After the revolution
Ciudad Hidalgo
Ciudad Hidalgo is a town about 90 kilometres east of Morelia.
Pomposo Solís e Hijos
In 1886 Pomposo Solis and his associate Aquiles de la Pena installed what was probably the first modern sawmill in Michoacán, which they used to cut sleepers for the original railway spur into Morelia. Once that project was complete, they supplied most of the wood for a new line up to the gold and silver mines in the Sierra de Angangueo and into the mountain town of Zitácuaro, and went on to make a fortune selling railway sleepers during the Porfirian railroad boom. Solis eventually decided to test the Mexico City market, which needed wood for fuel and construction material, and it was estimated that his loggers removed about twenty million cubic metres of wood from the woods around Ciudad Hidalgo during the Porfiriato.

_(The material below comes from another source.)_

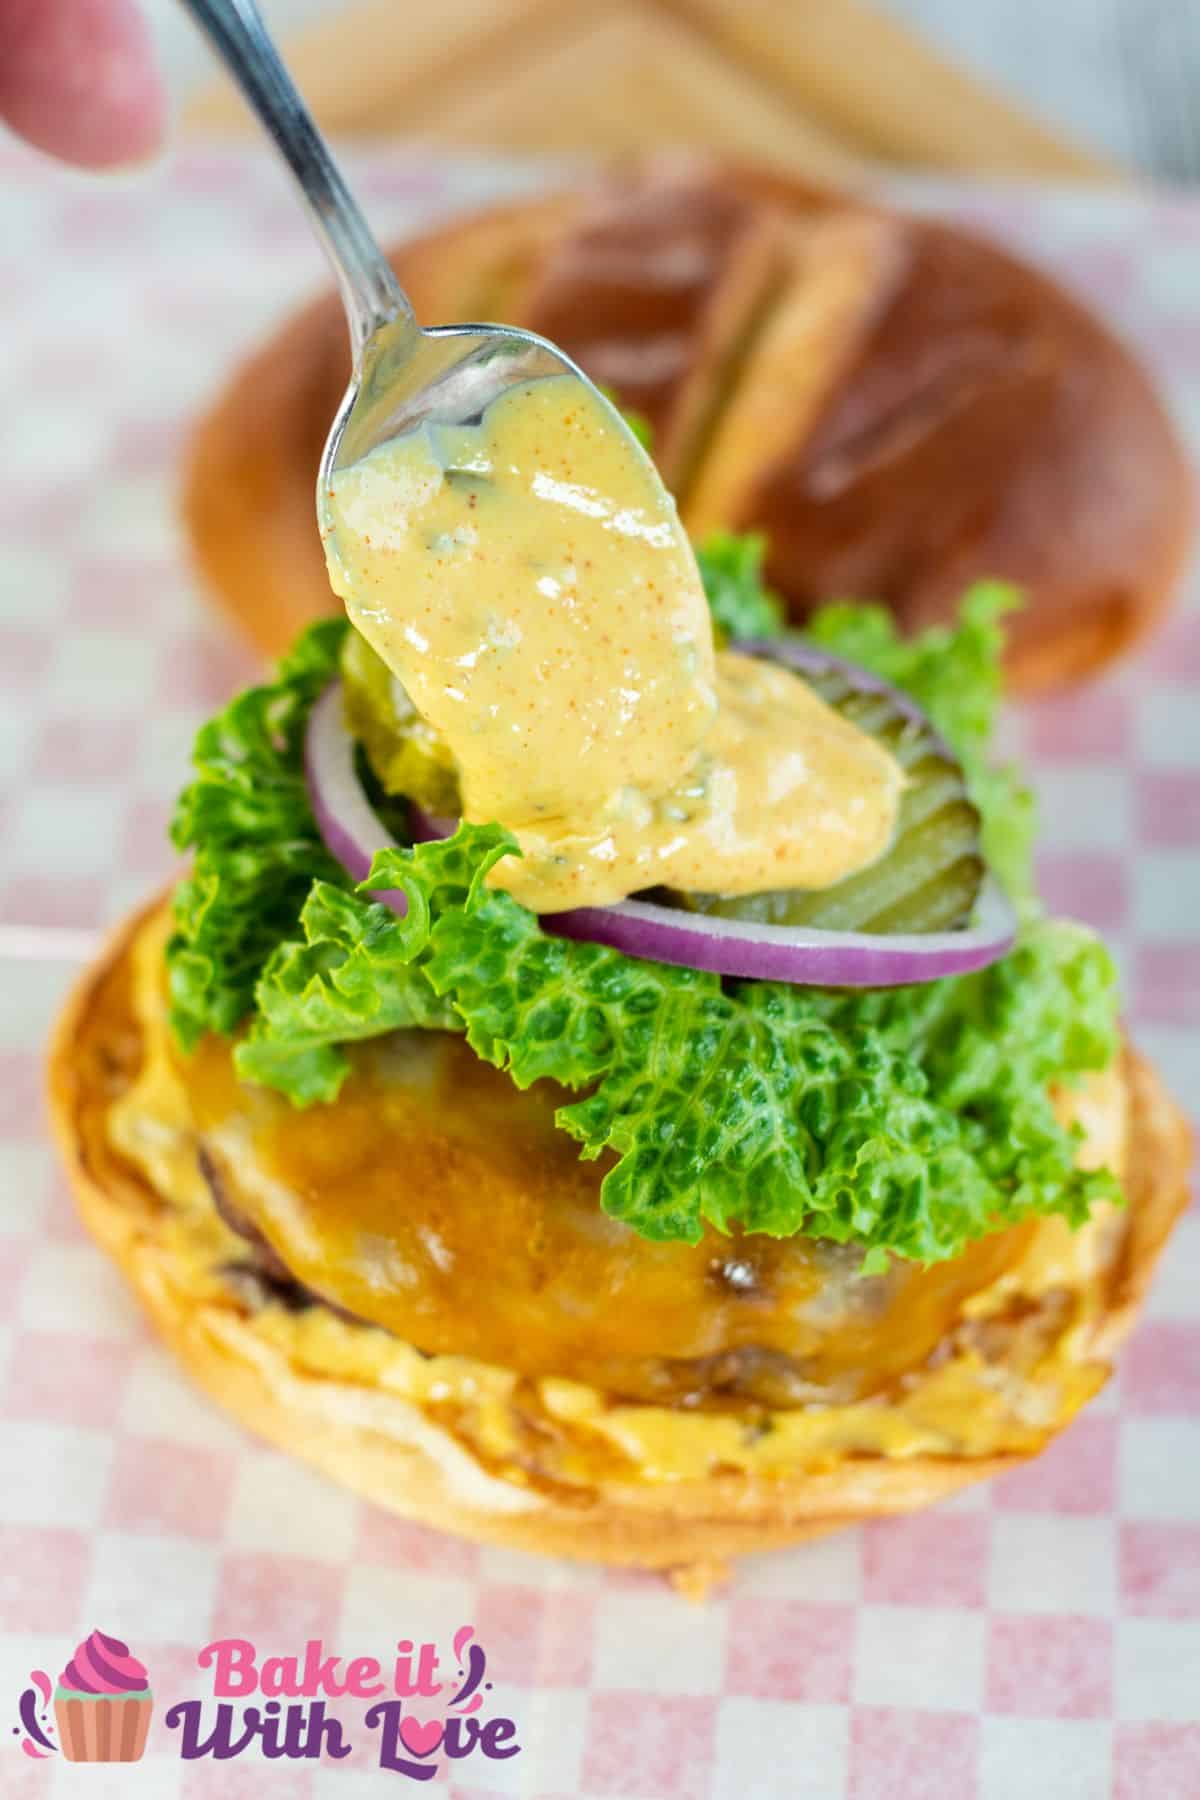 Tall image of a burger with burger sauce.

After the revolution the Pomposo Solís e Hijos company continued to employ scores of lumberjacks, who felled trees with hatchets, hauled them to the logging roads and railheads, from where they were transported to the family’s Ciudad Hidalgo sawmill. Workers received their salaries biweekly in scrip, which they were encouraged to use in a company store that added a 15–20 percent markup for its merchandiseAGN, Departamento del Trabajo, caja 841, exp. 3 report of Pedro Roa V., 18 September 1925.